Additional details about the model, including comparisons to other public models are available in the accompanying paper, accepted to the 2025 AAAI workshop on AI for Cyber Security (AICS).

Ardennes NIM Usage

Setup

One-time access setup, as needed:

export NGC_API_KEY=<YOUR NGC API KEY>
docker login nvcr.io  # ensure you login with the right key. Sometimes, if you've used another key in the past, this will just succeed without asking you for your new key. In this case, delete the config file it caches creds in, and try again.

# Username: $oauthtoken
# Password: <NGC_API_KEY>

Serving the model as a NIM

We provide the Ardennes model as an NVIDIA NIM, so you can simply pull the image from docker and run it.

#!/bin/bash

export NGC_API_KEY=<your NGC personal key with access to the "nvstaging/nim" org/team>
export NIM_IMAGE='nvcr.io/nvstaging/nim/ardennes-jailbreak-arctic-nim:v0.1'
export MODEL_NAME='ardennes-jailbreak-arctic'
docker pull $NIM_IMAGE

And go!

docker run -it --name=$MODEL_NAME \
    --gpus=all --runtime=nvidia \
    -e NGC_API_KEY="$NGC_API_KEY" \
    --expose 8000 \
    $NIM_IMAGE

Running inference with the NIM

The running NIM container exposes a standard REST API and you can send POST requests to the v1/classify endpoint as JSON to get model responses.

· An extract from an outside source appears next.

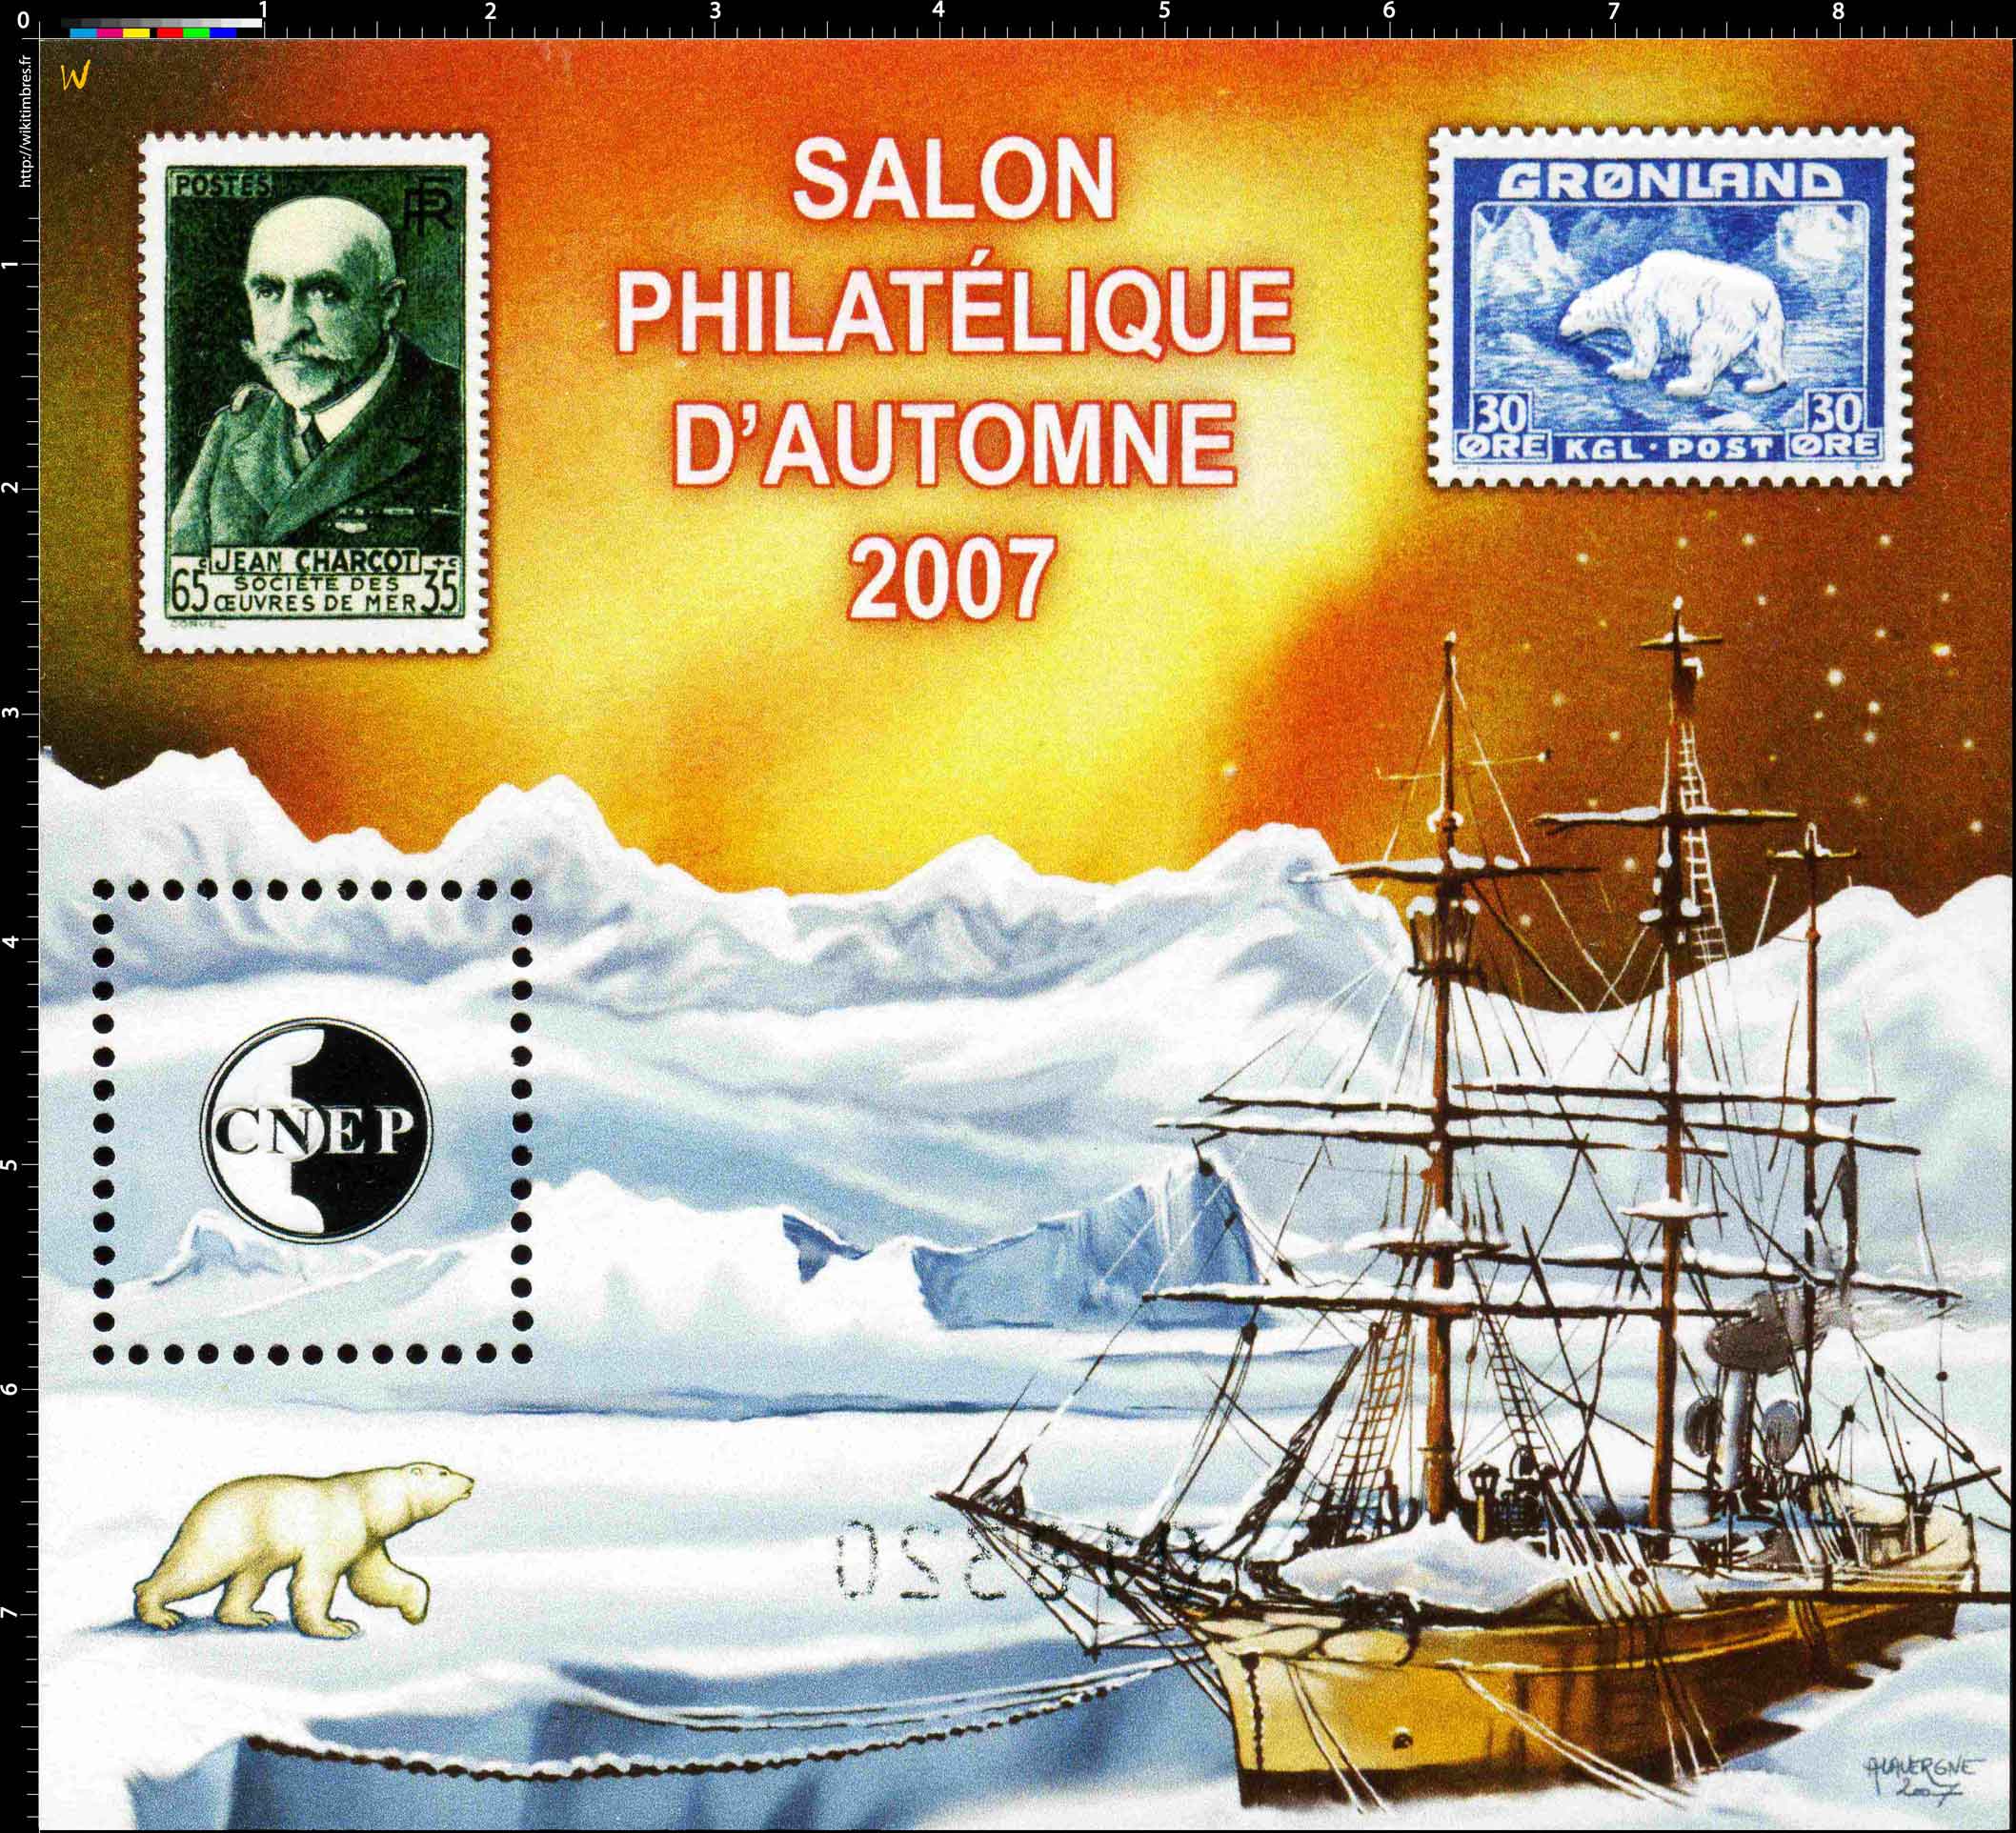 2007 Salon philatélique d'automne CNEP
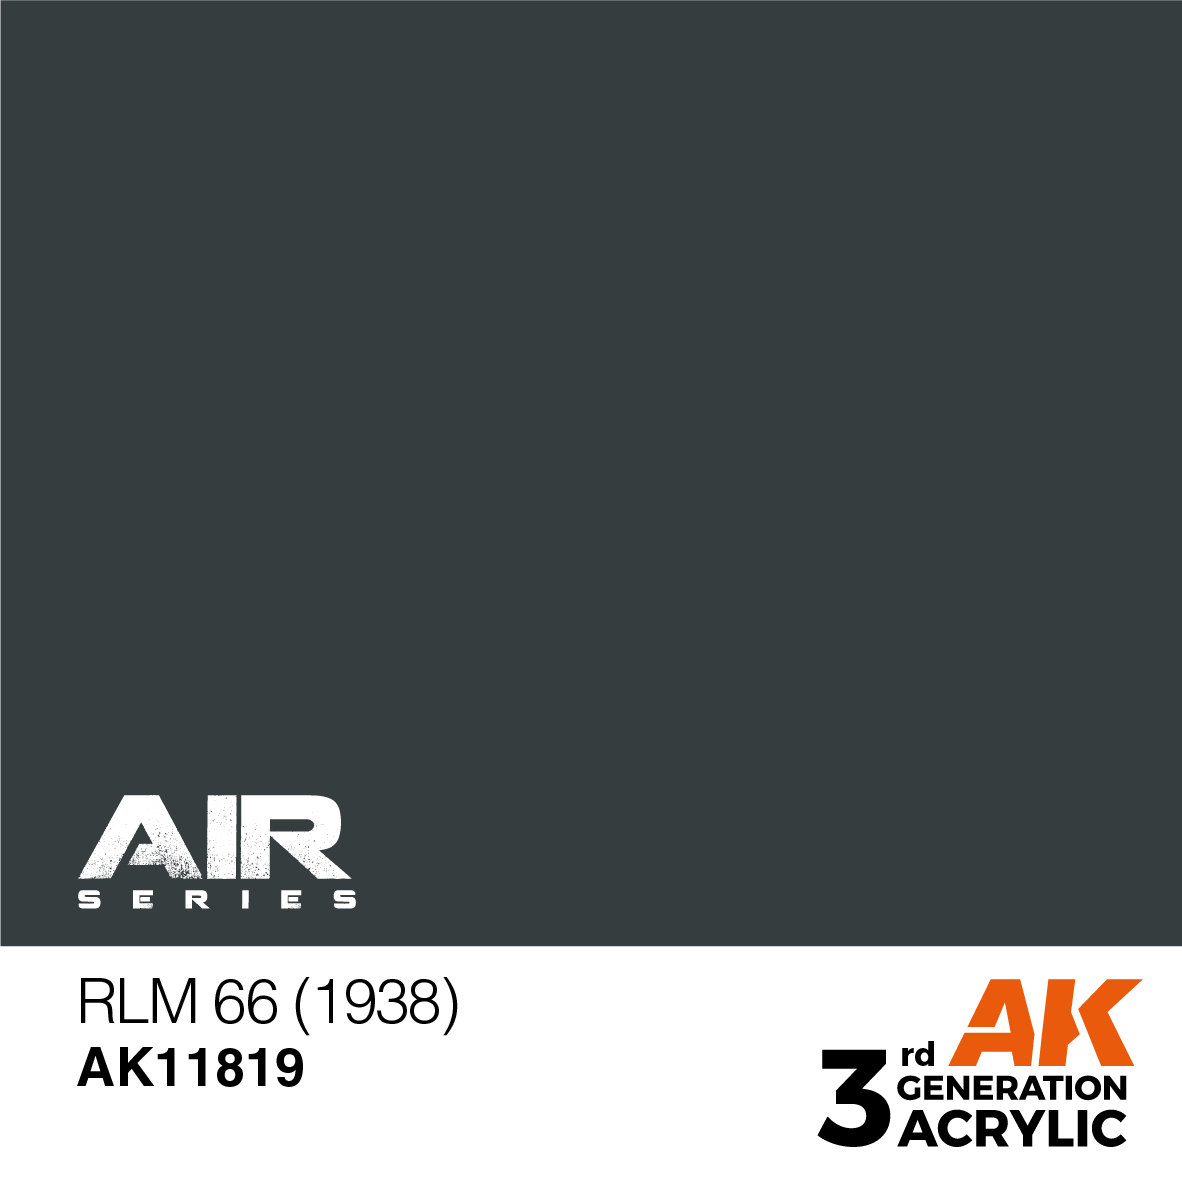 RLM 66 (1938) – AIR

$ curl --data '{"input": "hello this is a test"}' --header "Content-Type: application/json" --header "Accept: application/json" http://0.0.0.0:8000/v1/classify

This will return a JSON dictionary with the model’s prediction of whether or not the provided input is a jailbreaking attempt.

{"jailbreak": false, "score": -0.9921652427737031}

You are responsible for ensuring that your use of NVIDIA AI Foundation Models complies with all applicable laws.